*DATA UNDER STUDY*:

────────────────────

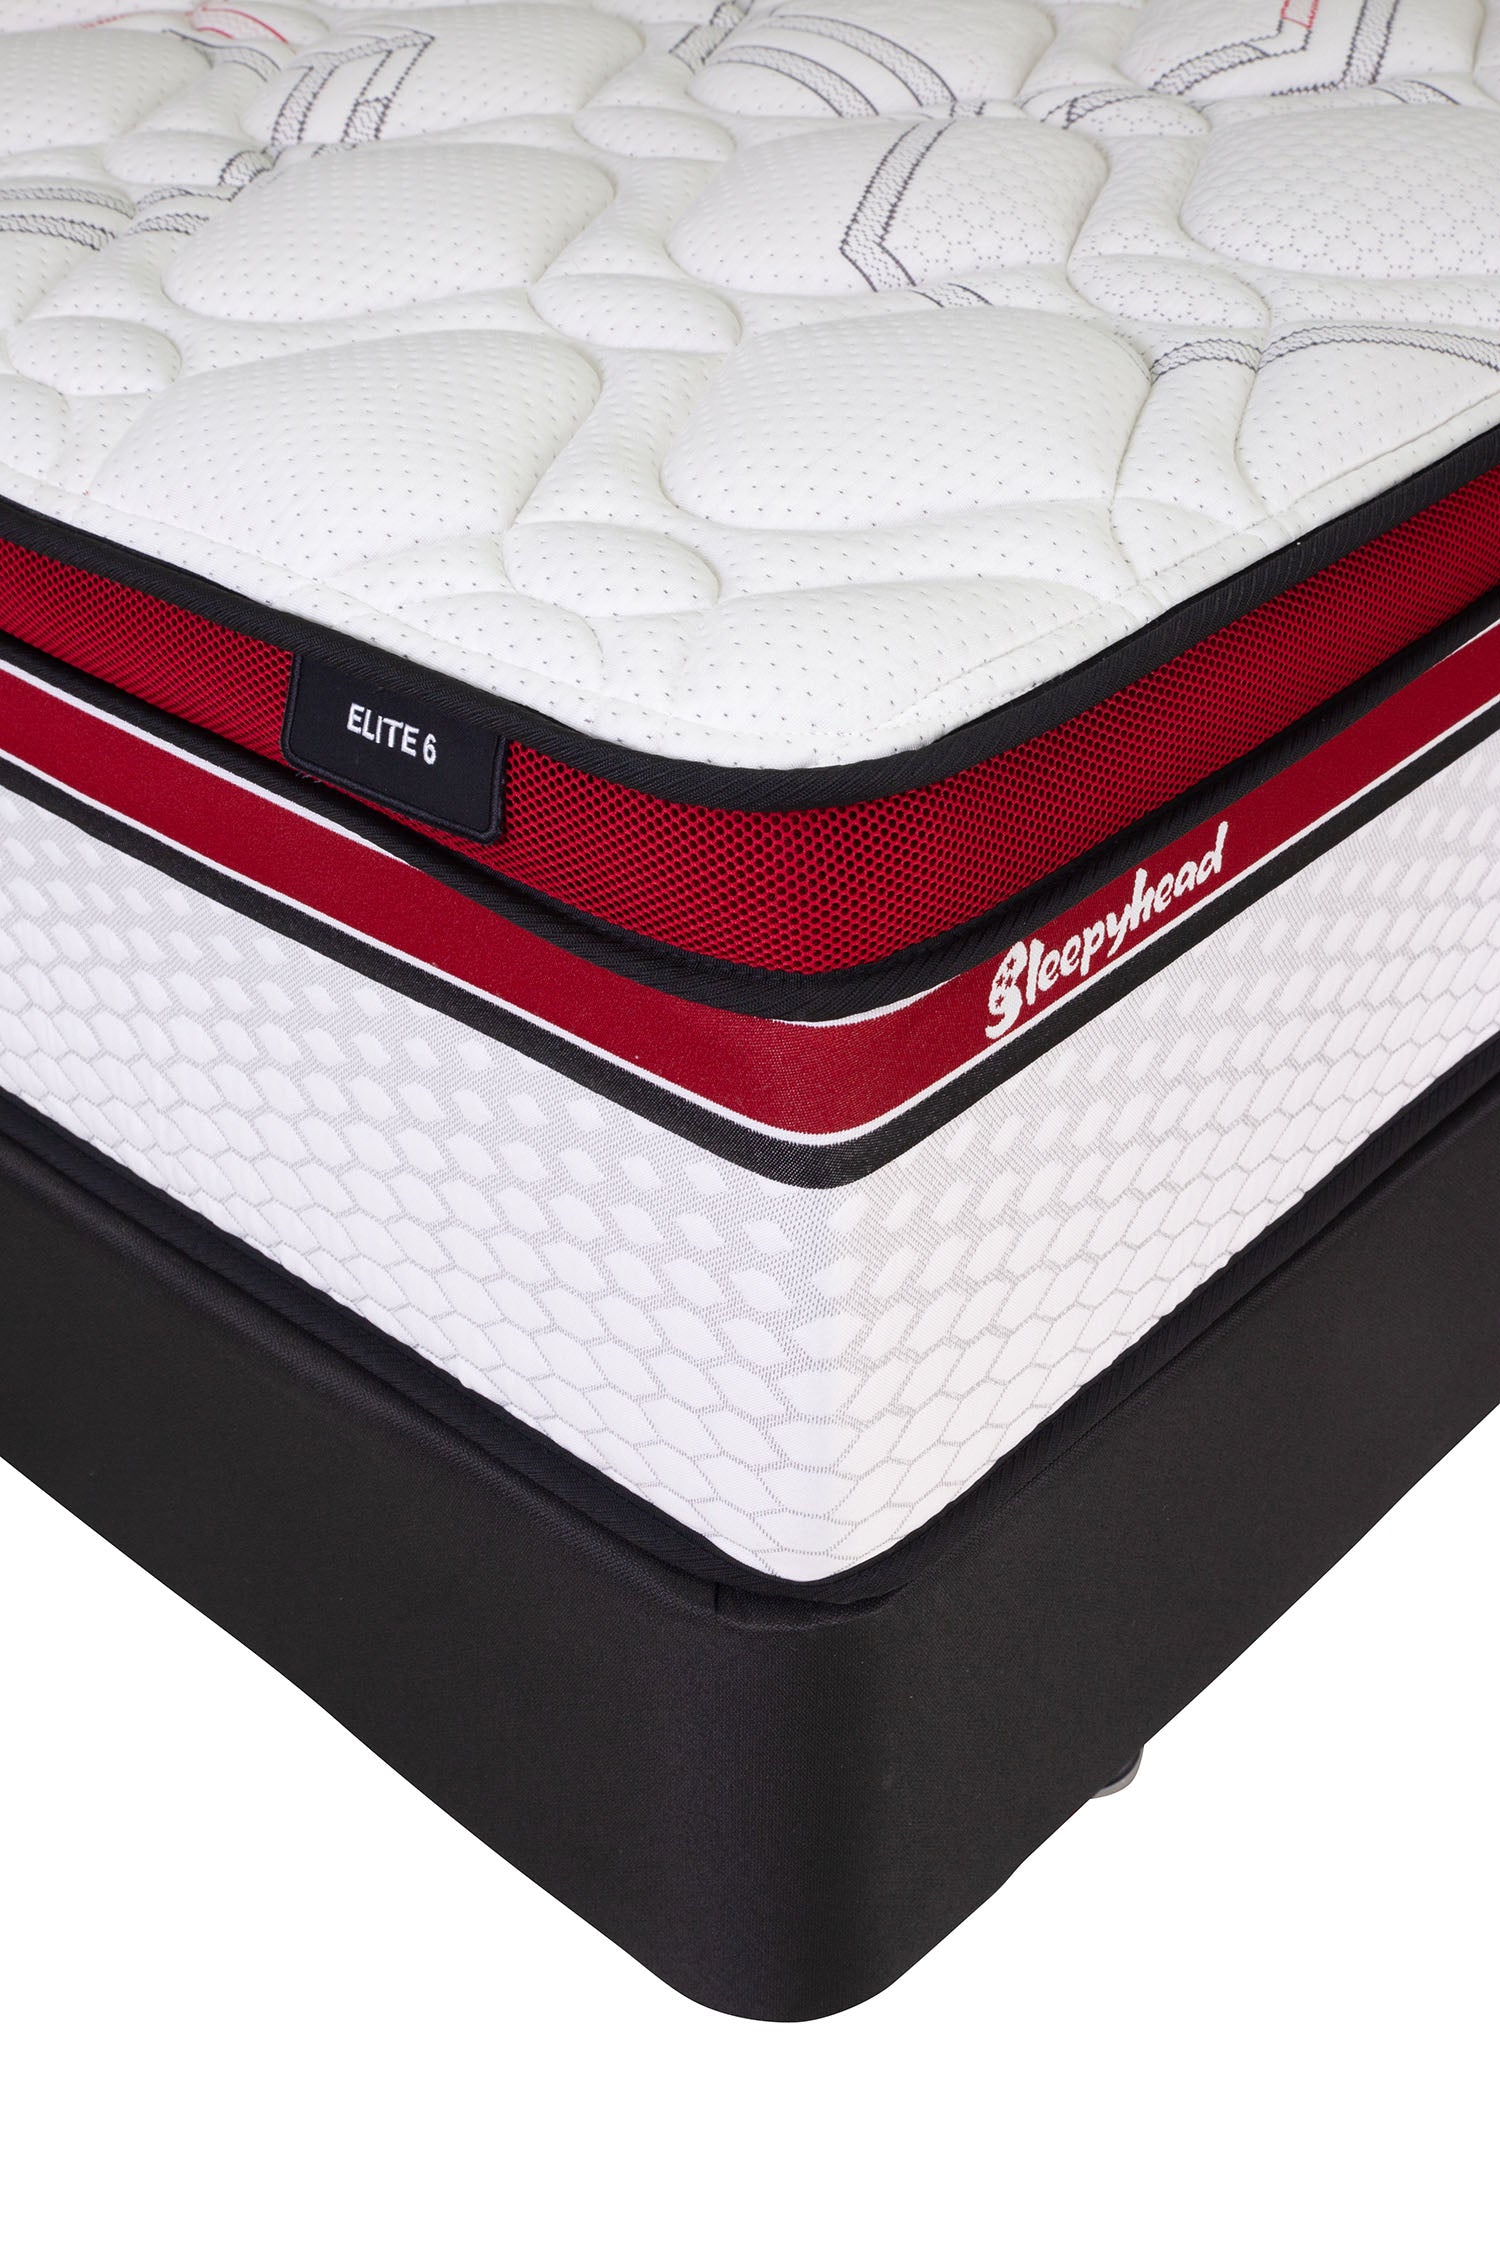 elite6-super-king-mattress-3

────────────────────

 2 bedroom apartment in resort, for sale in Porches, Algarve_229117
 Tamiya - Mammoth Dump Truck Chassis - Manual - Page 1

────────────────────

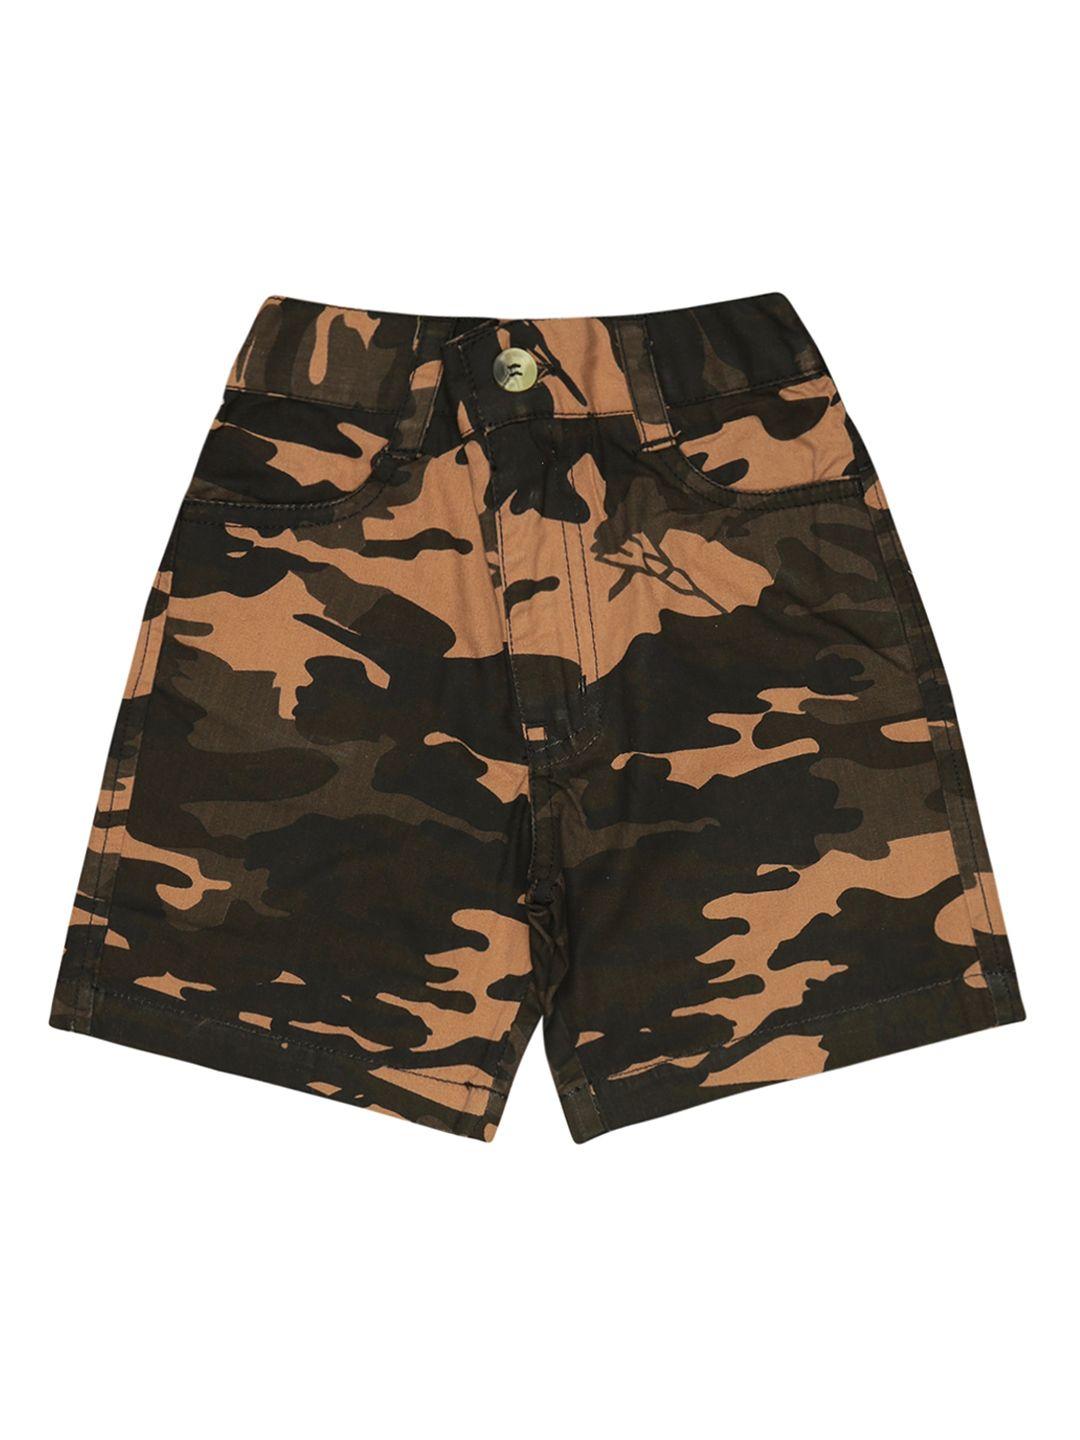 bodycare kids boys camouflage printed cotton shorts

────────────────────

*BRIEF*: Keep both end lines and retype everything in the records above from the line containing "2 bedroom apartment" through the line containing "Tamiya - Mammoth", exactly, with nothing else.

*REPLY TO THE EXERCISE*:
 2 bedroom apartment in resort, for sale in Porches, Algarve_229117
 Tamiya - Mammoth Dump Truck Chassis - Manual - Page 1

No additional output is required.